**Instructions to follow**
All pictures are to be omitted while the lines starting at the line with "10% Slytherin" and ending at the line with "Mini ampli guitare" in the material below are retyped exactly, both ends included.

**Source records**
-- Opening Marker --

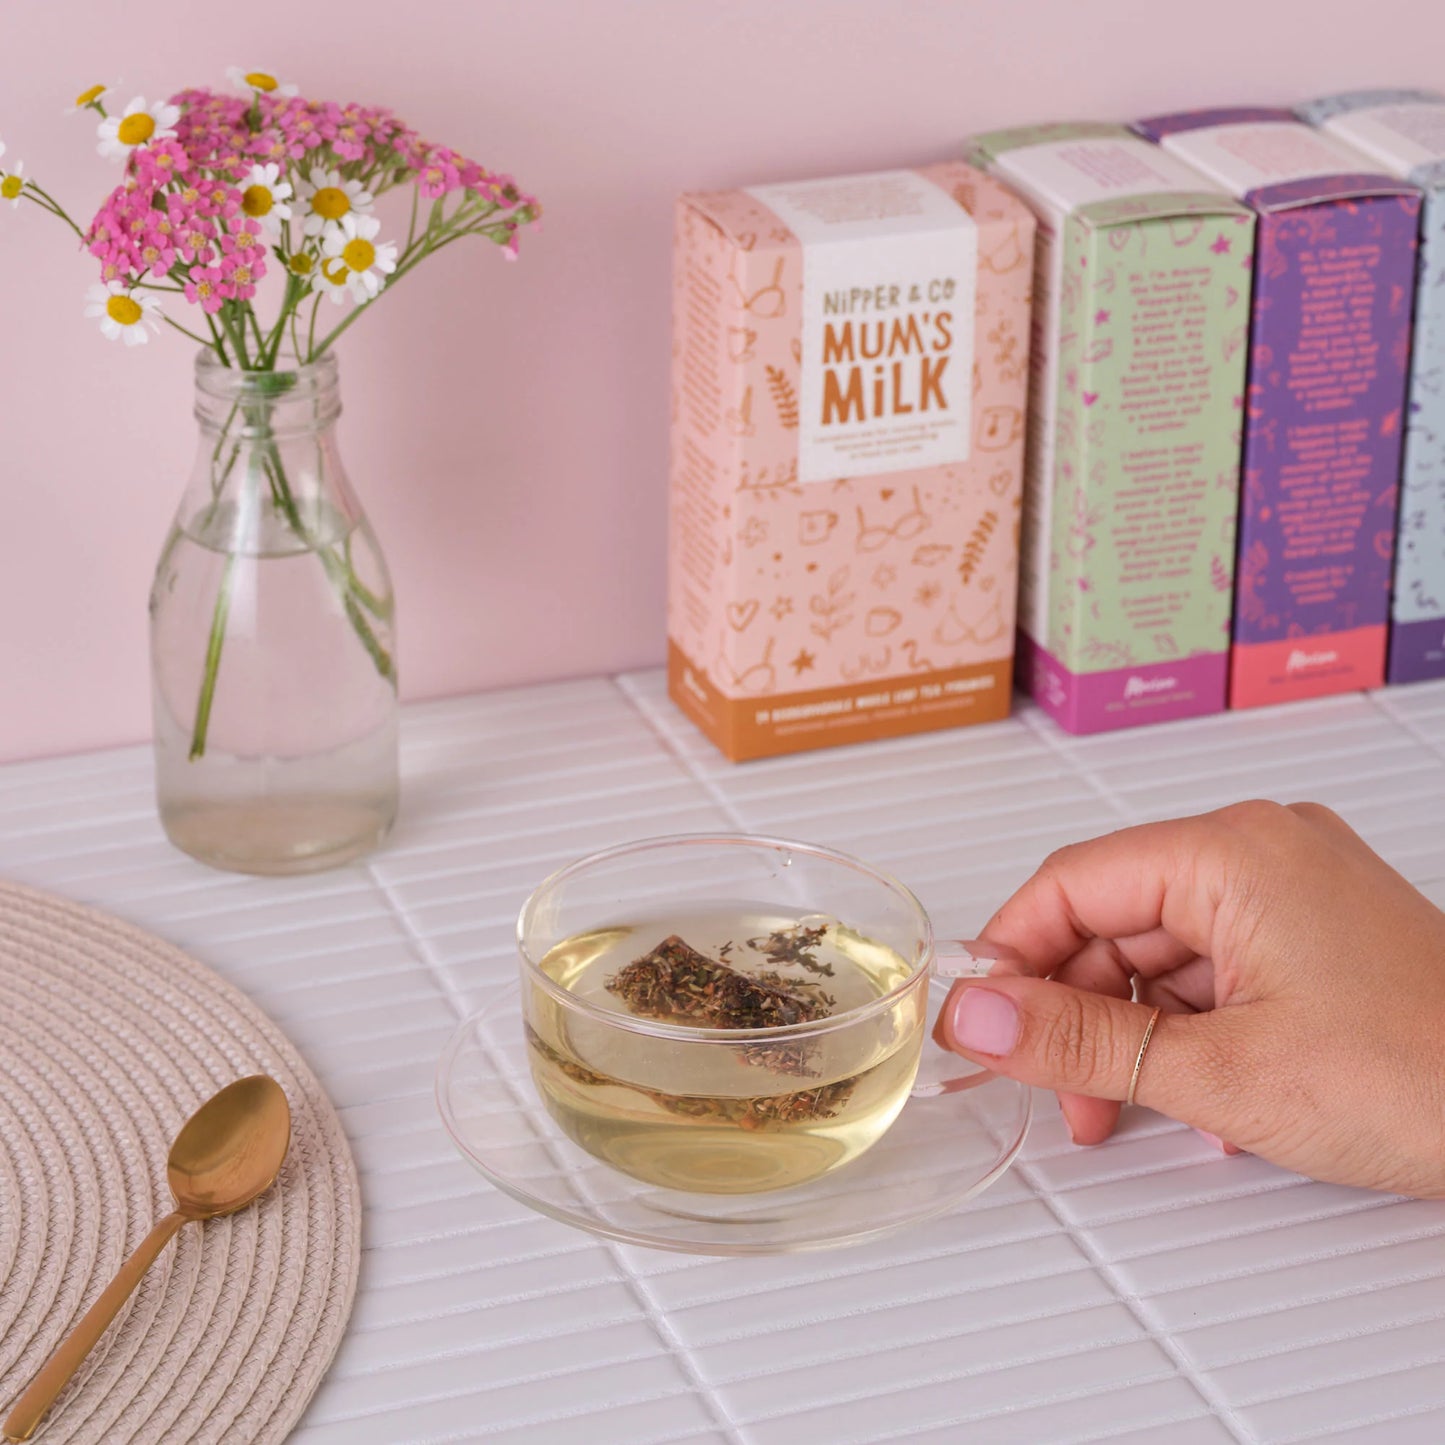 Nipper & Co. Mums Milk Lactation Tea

-- Closing Marker --
-- Opening Marker --

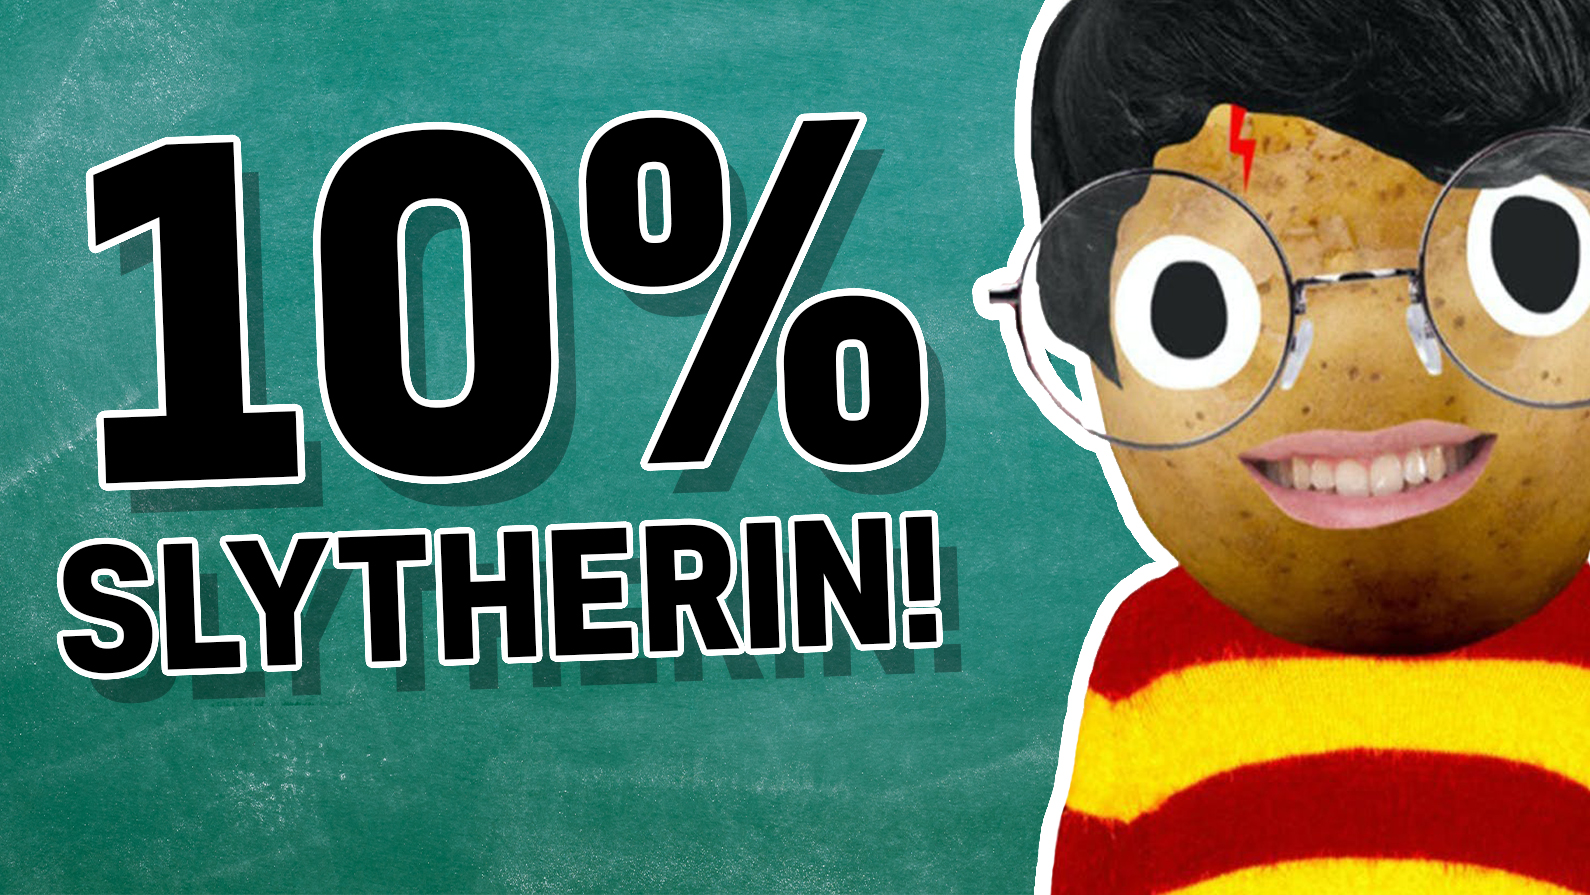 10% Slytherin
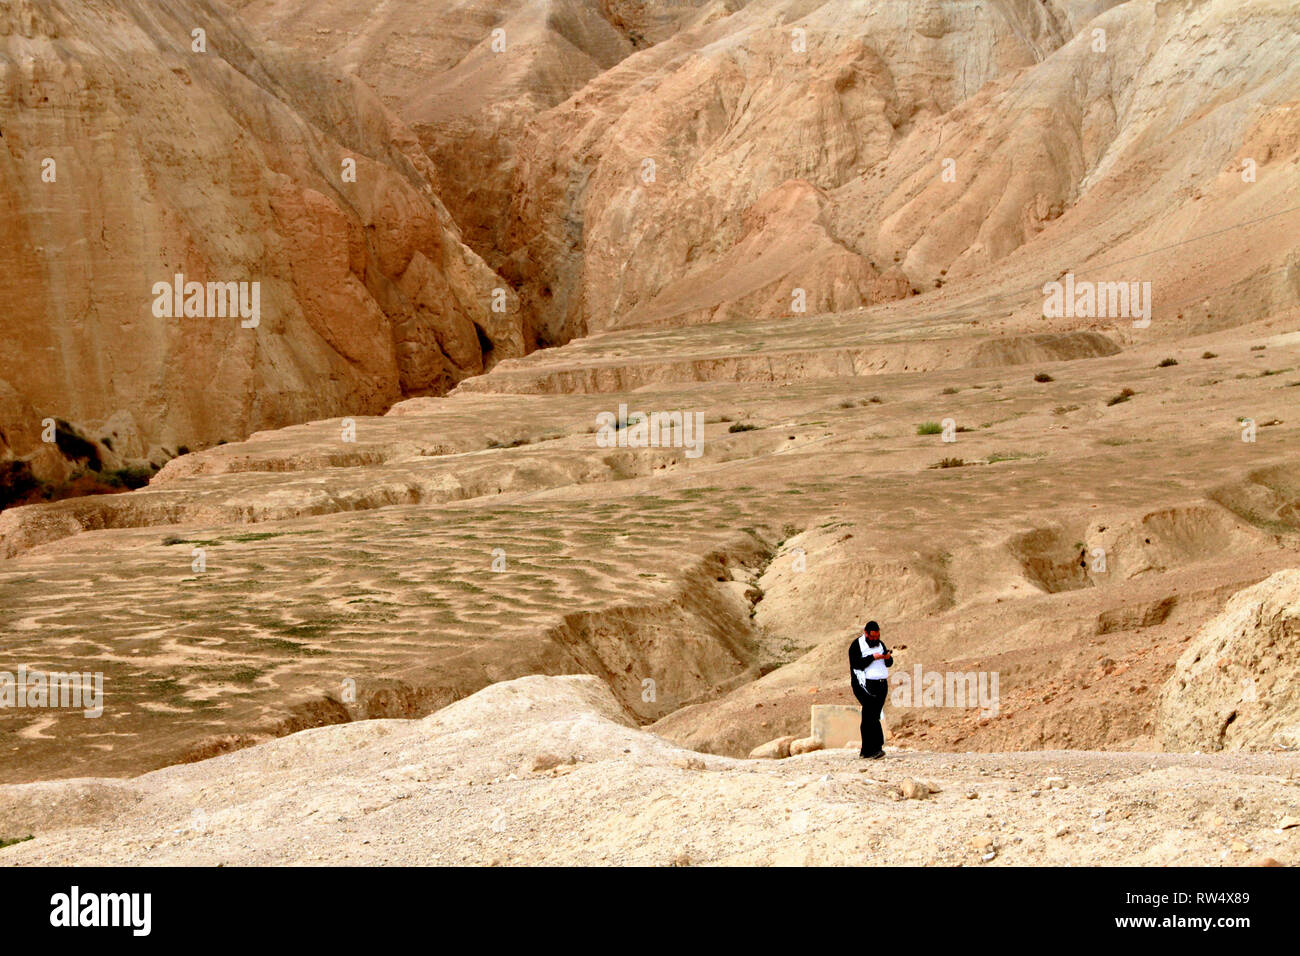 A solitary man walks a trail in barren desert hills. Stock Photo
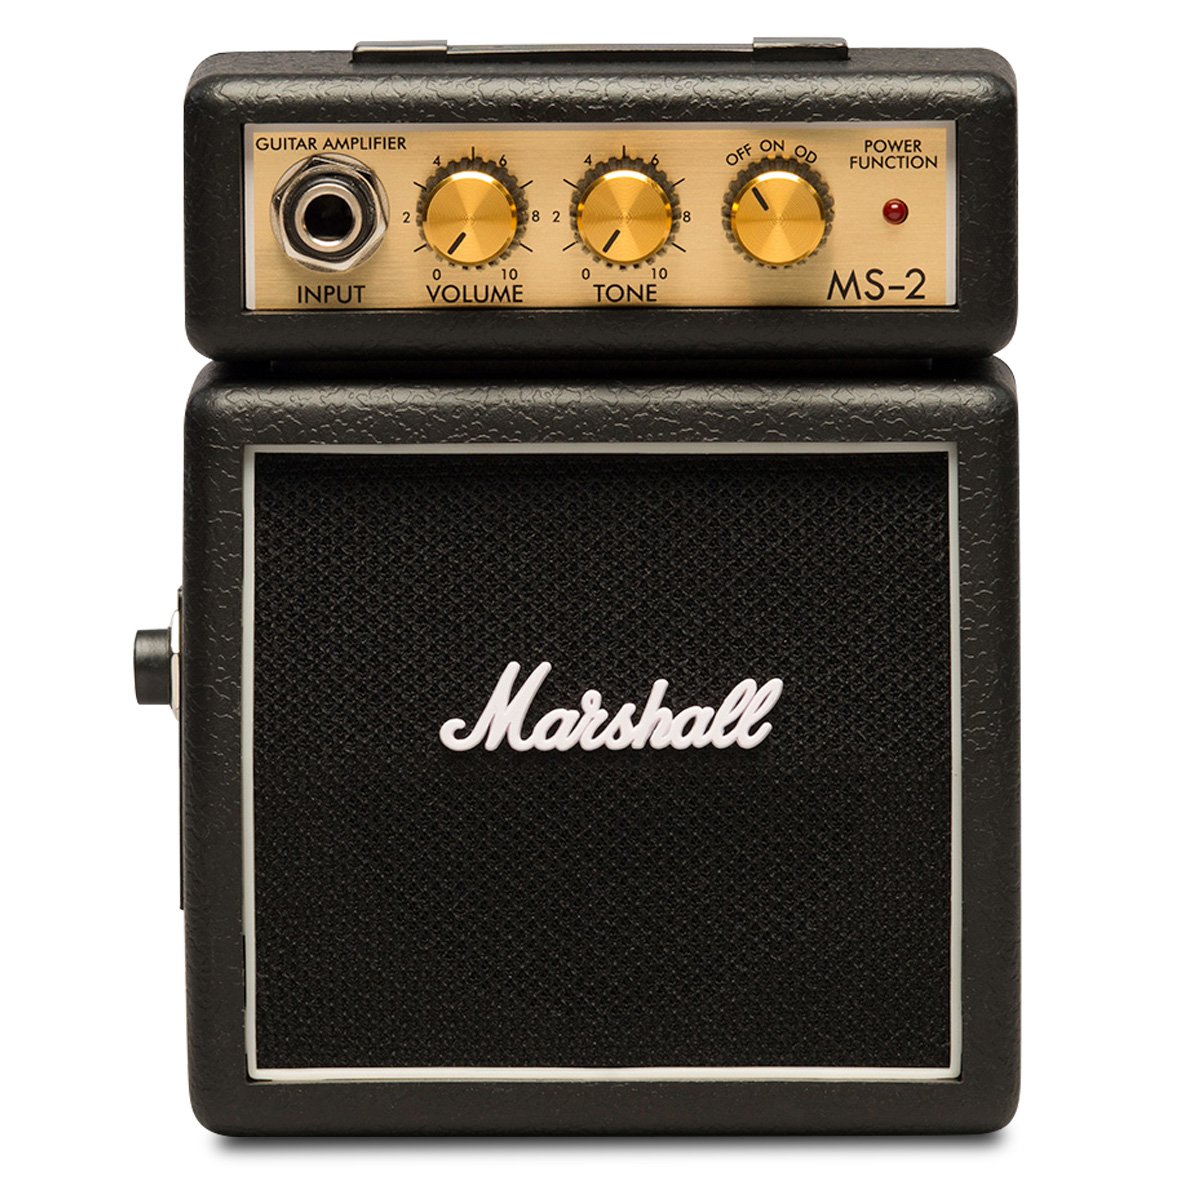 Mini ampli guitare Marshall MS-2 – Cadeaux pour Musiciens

-- Closing Marker --

**Reply**
 10% Slytherin
 A solitary man walks a trail in barren desert hills. Stock Photo
 Mini ampli guitare Marshall MS-2 – Cadeaux pour Musiciens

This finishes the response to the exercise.